In fact, it is this final point that now needs to be expounded. If, as the study has shown, many, perhaps most, organisations can accrue substantial financial benefits through the partial or total adoption of Linux and open source software, what remains to convince government and business to move wholesale to Linux? Are existing implementors of IT within these organisations the remaining roadblock? Are they concerned about, as Australian art historian Robert Hughes famously pronounced during a corresponding period within the art world, "the shock of the new"? Would faster progress be made if the study results were presented to financial and non-IT executive company officials, in the language and format they know and understand, rather than to IT staff? Would many of the businesses worldwide presently suffering economic hardship (and shedding staff) benefit financially from such a move to Linux? I welcome your responses.
Con Zymaris (conz@cyber.com.au) is the CEO of Cybersource Pty. Ltd. a long-standing IT & Internet Professional Services company.












It does not surprise me that a number of articles trying to paint Open Source/Linux in a bad light have appeared over the last month. Remember that the deadline for signing up for Microsoft's Licnsing scheme is July 31.

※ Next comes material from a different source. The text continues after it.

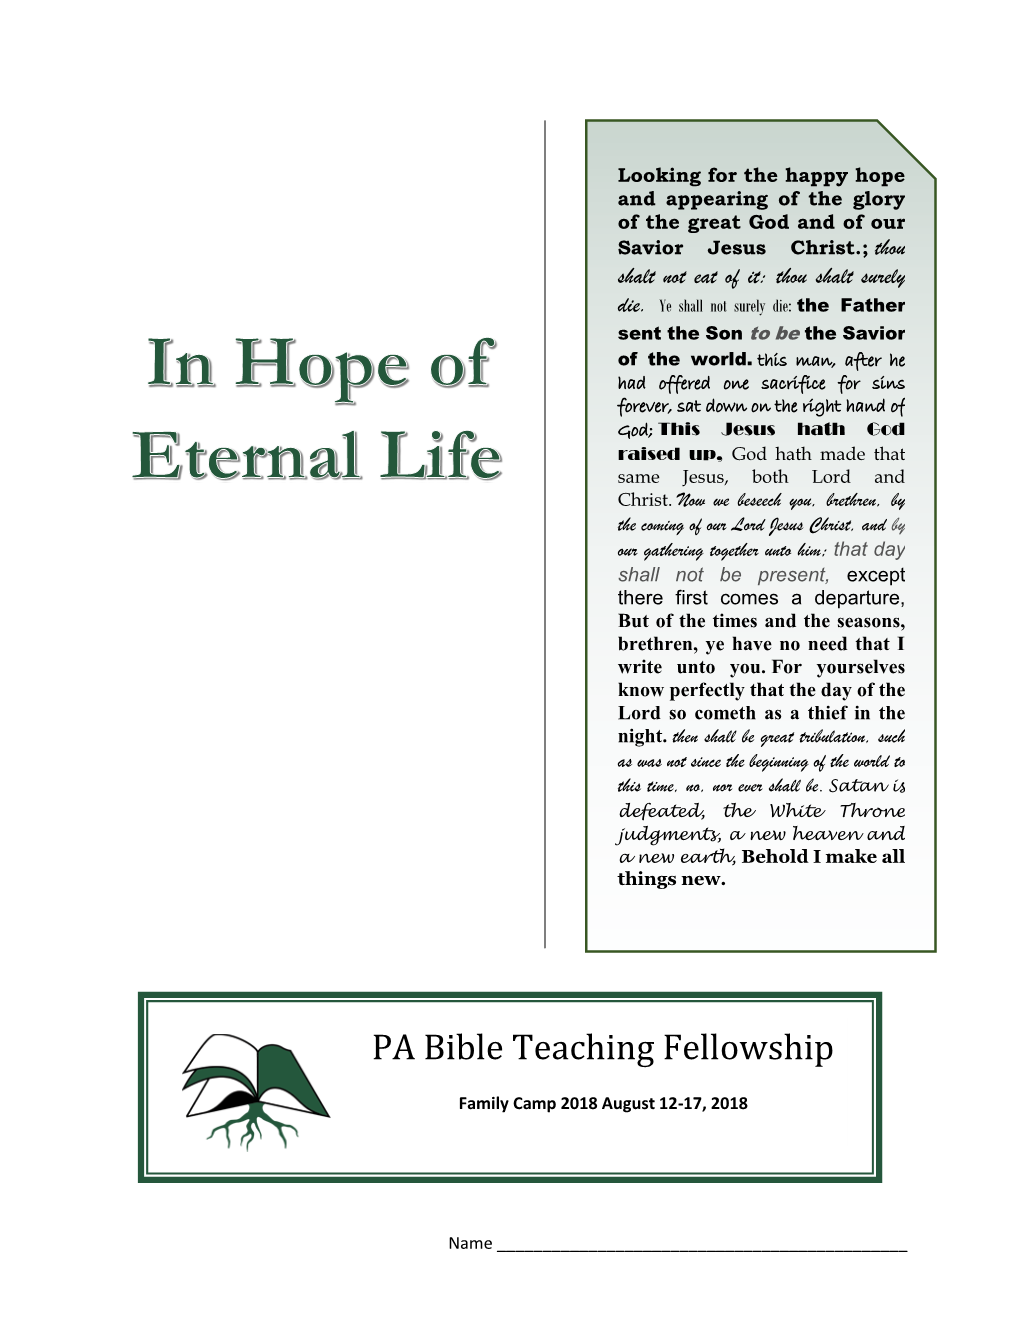 In Hope of Eternal Life

Gartner tried to discredit Open Office. ZDNet tried to discredit the Cybersource study. The Alexis de Tocqueville institution (AdTI) has released a study that is full of specious arguments about the dangers of using open source. And we have John Carroll on ZDNet talking about the very (un)real limitations of Open Source.
Dr Goebbels, anyone?
Strikes me that a lot of people who profit from proprietary software are running scared. This is a method which has been tried many times in the past and has failed.
David Skoll has a scathing response to the AdTI study which tells proprietary software houses what they should do - Adapt. Or die.